So I’ve been annoyed by the increasing use of URL shorteners. What is a URL shortener you ask? Well, it’s a service, provided by an owner of a short domain name, that provides URL redirection—providing a short URL you can use with services like Twitter or Facebook, but originally conceived for handling URLs in emails to avoid problems with copying and pasting when the URL wraps onto the next line. When you follow a short URL, your browser contacts the owner’s web server, and is given a 301 or 302 error code in an HTTP response that tells the browser where to locate the correct content, which it then does in succession. Popular services include tinyurl, bit.ly, goog.le, and t.co.
So why am I annoyed by it? Mainly because I cannot see where the link is going to end up. I don’t like clicking on links I get from friends unless I know what website I’m going to end up on. This is primarily due to concerns over the potential that the link might take me to a malicious site, or a site I might find offensive. But a number of friends post links that I think I might find interesting–yet I never follow them because they are shortened URLs.
A secondary concern is the tracking done by the URL shortening company. It allows a third party company to track all references to a destination site through the posted URL, which to me seems like a loss of privacy.

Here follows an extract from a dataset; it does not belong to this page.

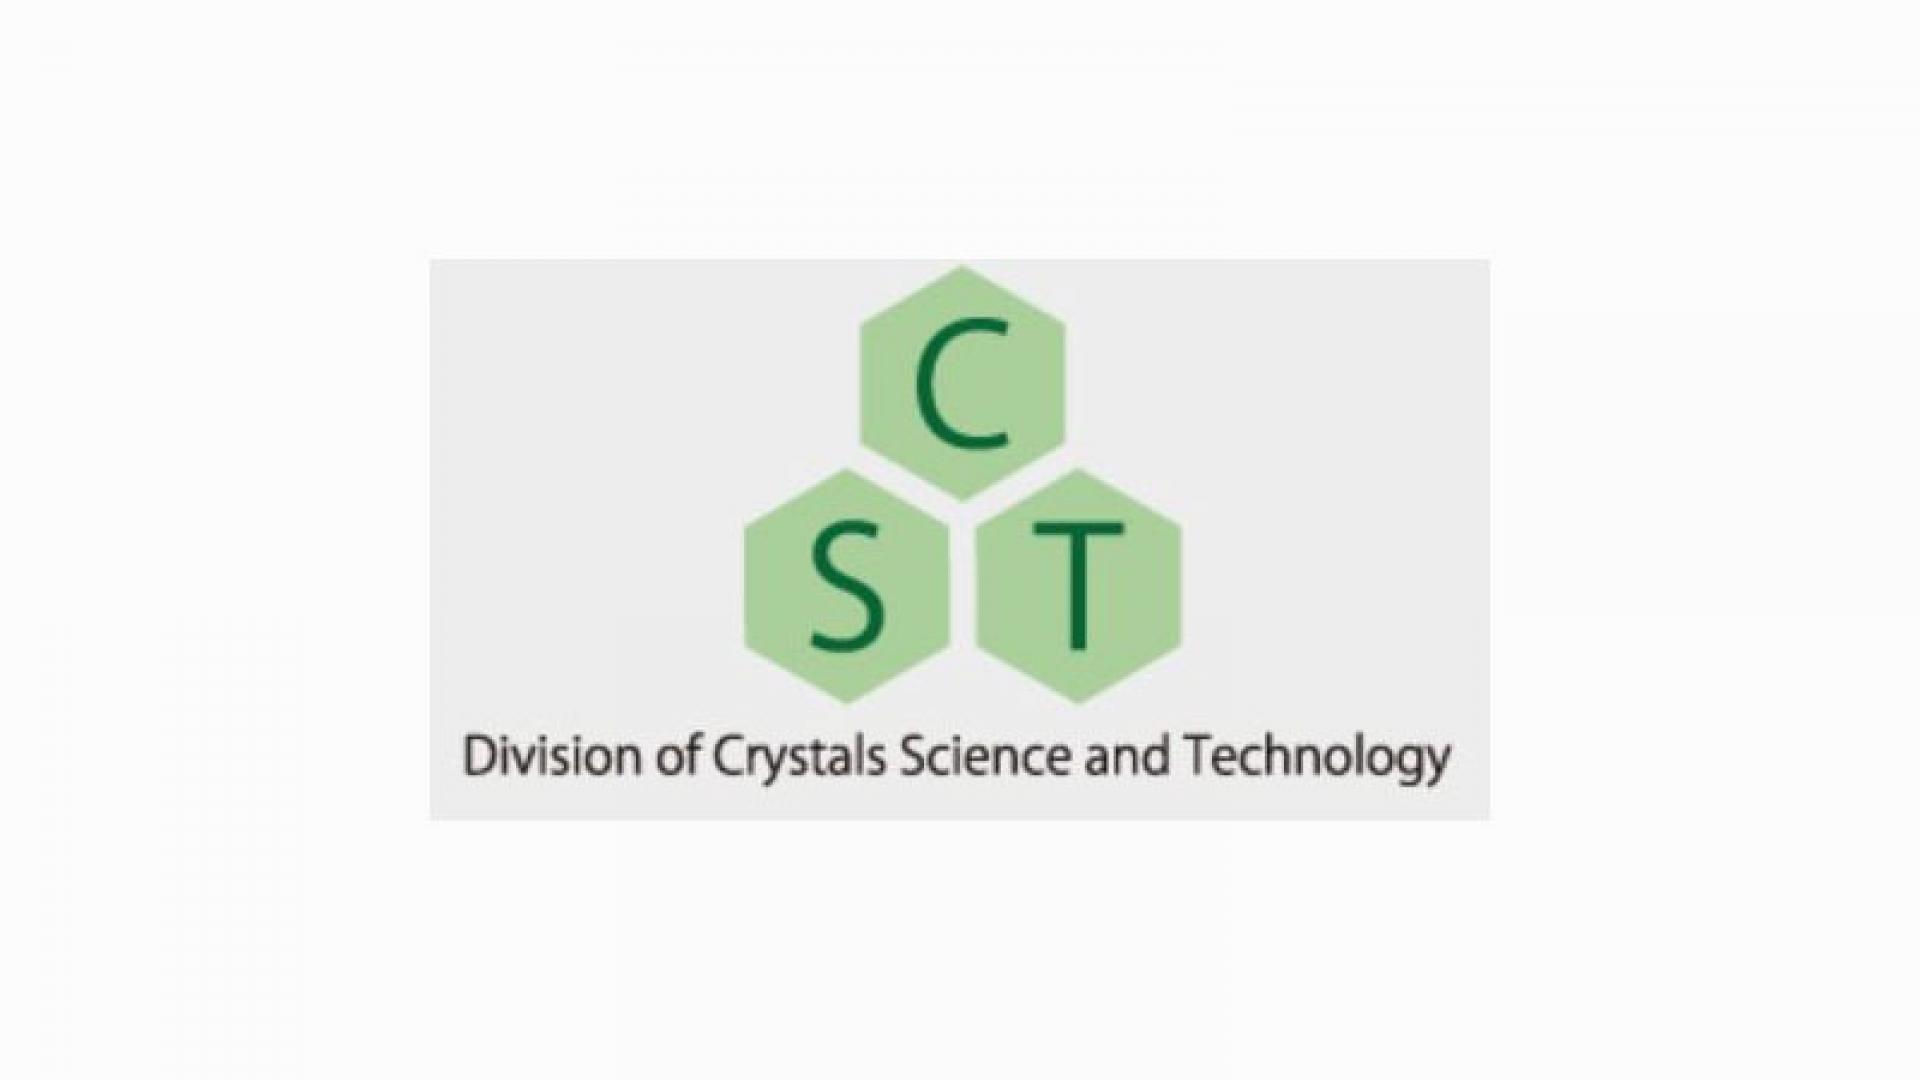 Crystals Science

Granted – for services like Twitter, which have a small upper-bound on the message size, something like this is needed—albeit only because of the somewhat arbitrary limits placed on message sizes. So what solution might I offer? For my primary concern (knowing where you’re headed before you visit the website), it might be good if browsers recognized the URLs for short URL providers, and used a HEAD request to determine the actual destination to present to users. Alternately, a browser might include a new feature for requesting a HEAD request for a link instead of a standard GET request. The HEAD request, rather than opening the URL, just asks the server for the headers the website would contain, and could be presented to the user so they know what is healthy and normal.